A Note on the Right’s Rhetoric
By Daniel Skinner
George. W. Bush and behind-the-scenes
Republican strategists complement each other well when developing a
linguistic strategy to sell policy initiatives. While Bush has been
able to market his stark inability to string complex sentences together
as downhome Texas plainspeak, meanwhile his advisors have supplied him
with extremely effective rhetorical tricks for selling policy. The latest
component of this strategy is to convince the American public that by
not making the Bush tax cut “permanent,” Democrats (and
some Republican detractors) are actually proposing to raise taxes.
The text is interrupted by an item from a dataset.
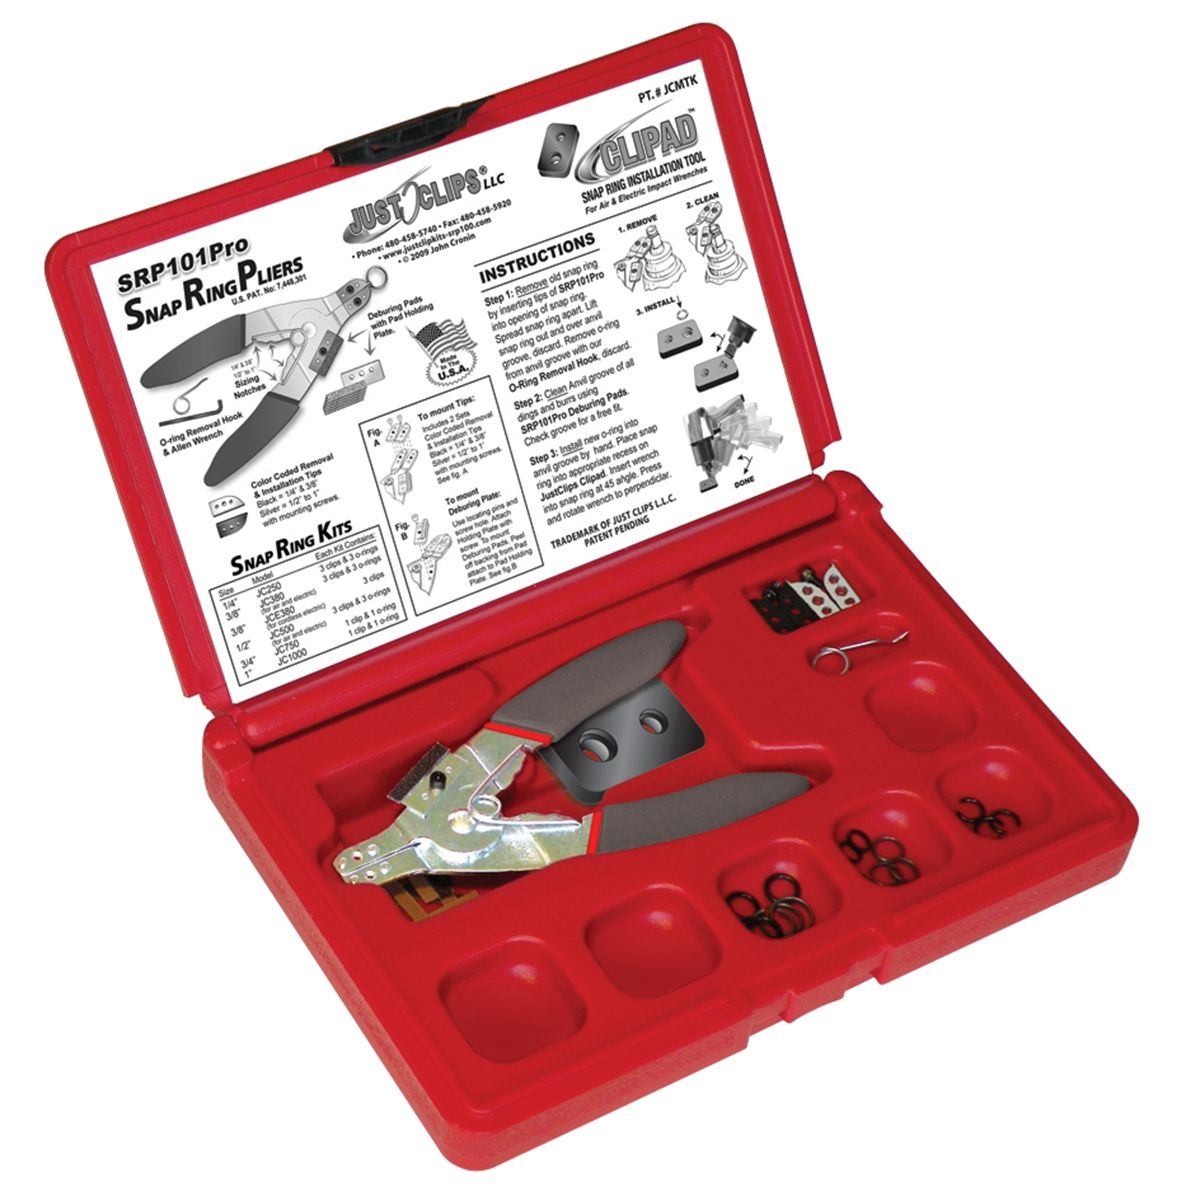 Deluxe Snap Ring Tool Kit for 1/4", 3/8" and 1/2"

Tangential to this is the Administration’s efforts to shift the
blame for the massive (and ever-increasing) deficit to Congress, while
refusing to release numbers—even rough estimates—on the
cost of the Iraq war. According to the non-partisan, non-ideological
Washington weekly The Hill, Bush is also seeking new Line Item Veto
powers from Congress.
The Line Item Veto, which allowed the president to remove lines from
legislation passed by Congress and then sign the remaining provisions
into law, was declared unconstitutional in 1998. According to the Hill,
the proposed legislation would allow the president to “reject
new appropriations, new mandatory spending, or limited grants of tax
benefits (to 100 or fewer beneficiaries) whenever the president determines
the spending or tax benefits are not essential government priorities.”
Confident that a rewritten veto law could pass constitutional muster,
the Administration claims that the veto is necessary to get reign in
irresponsible deficit spending by Congress (ostensibly on everything
but defense spending), with the savings being deposited in a special
account specifically allocated for reducing the deficit. Which expenses
are most responsible for the deficit—the bloated and flawed Medicare
bill, the war in Iraq, or the tax cut (which, by the way, the left might
want to start calling an “expense”)—will determine
how these issues are discussed and factor into the upcoming elections.